# WHAT TO DO:
Given the entries below, would you transcribe exactly the lines starting at the one with "Null 米勒库尔制造的1/2号小提琴" and ending at the one with "Mecerreyes, recogida de", both kept, pictures omitted, nothing extra?

# EXERCISE MATERIALS:
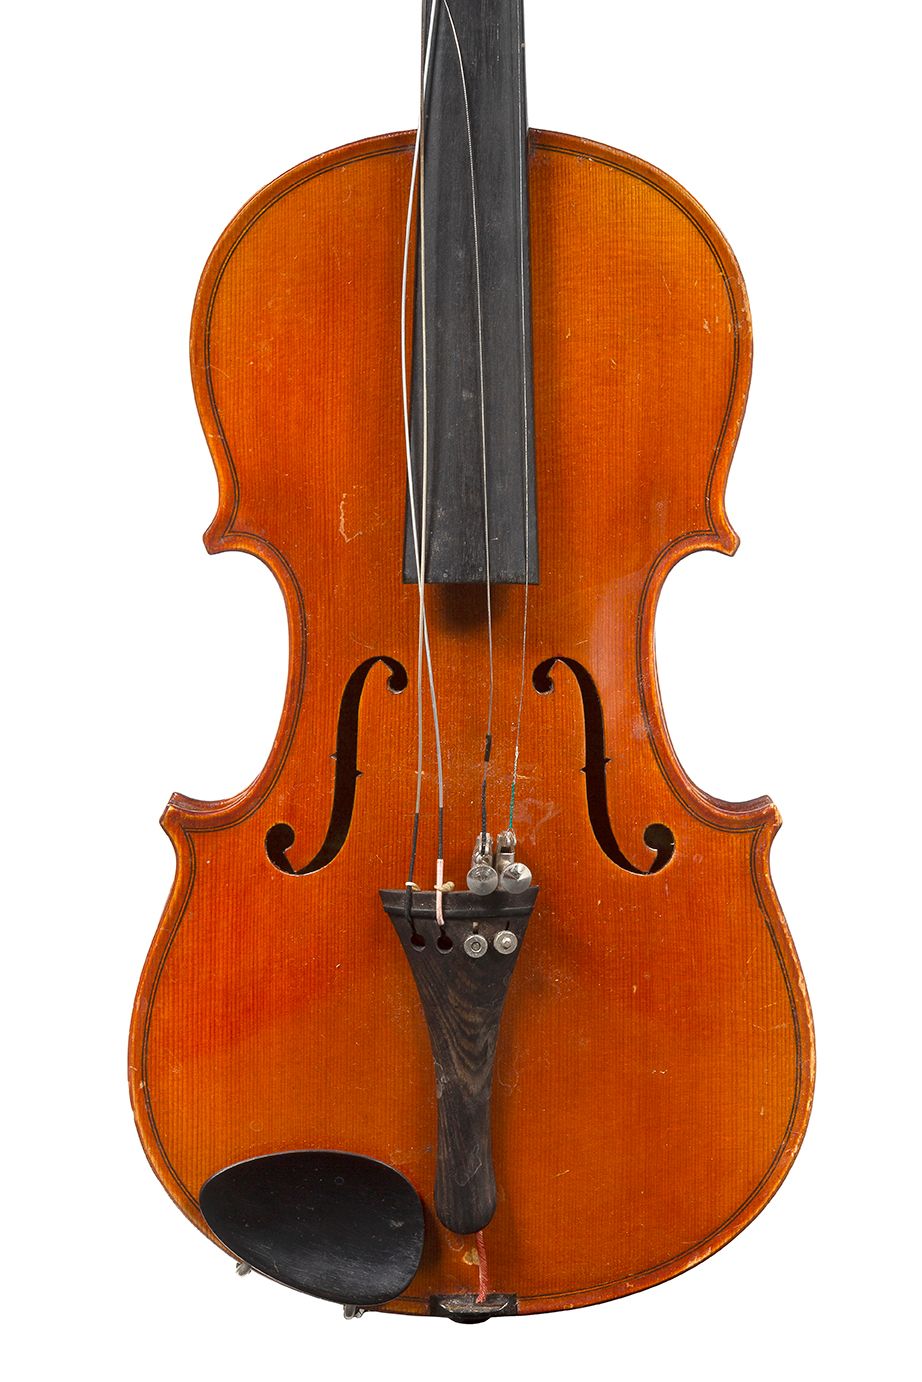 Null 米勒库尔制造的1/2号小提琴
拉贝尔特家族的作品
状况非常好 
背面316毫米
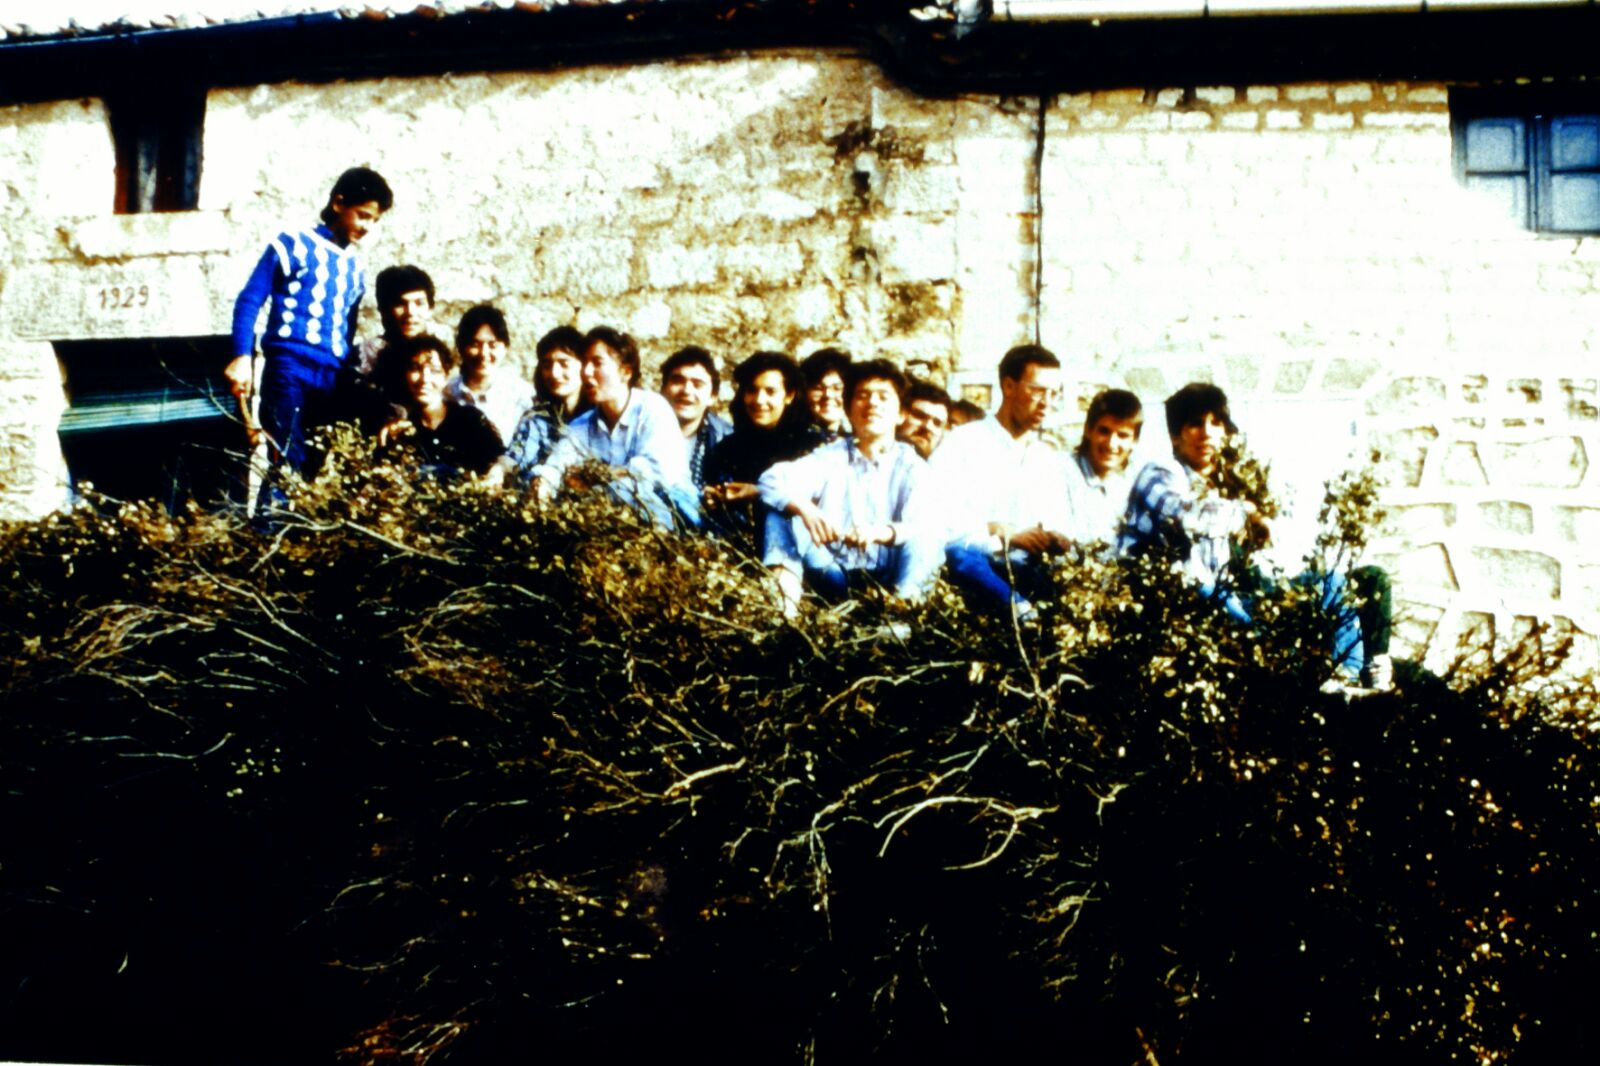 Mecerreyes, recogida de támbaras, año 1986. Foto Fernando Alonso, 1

* * *

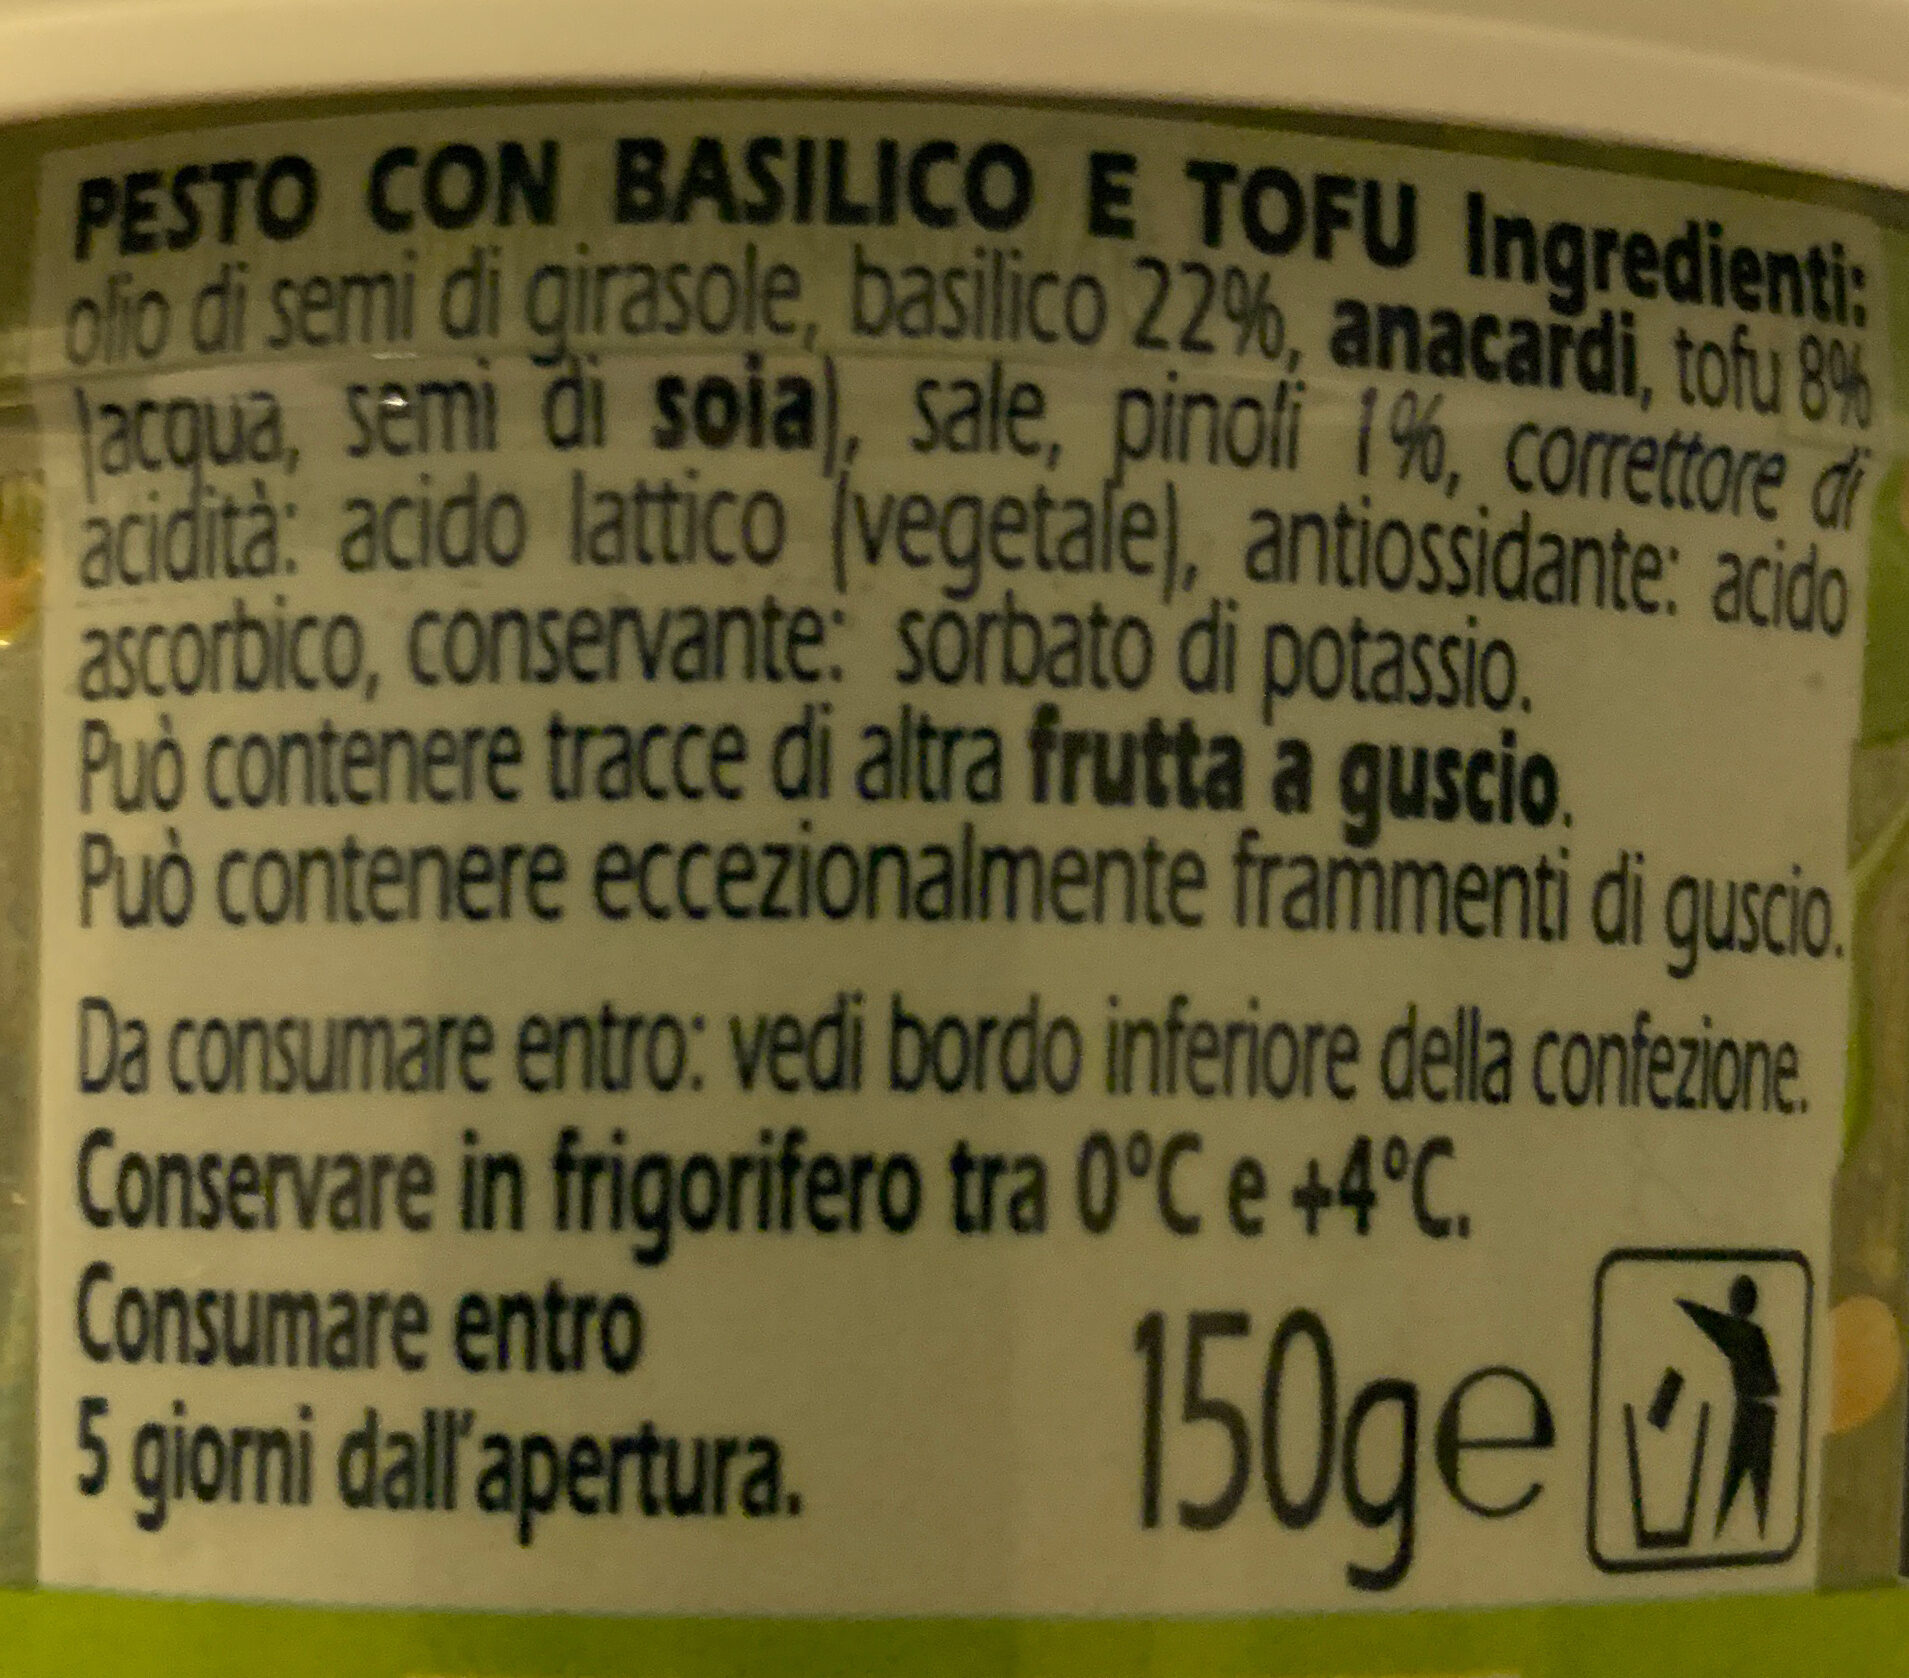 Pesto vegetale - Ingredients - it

...

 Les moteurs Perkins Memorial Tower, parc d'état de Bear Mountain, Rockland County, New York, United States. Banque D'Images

# WRITTEN ANSWER:
 Null 米勒库尔制造的1/2号小提琴
拉贝尔特家族的作品
状况非常好 
背面316毫米
 Mecerreyes, recogida de támbaras, año 1986. Foto Fernando Alonso, 1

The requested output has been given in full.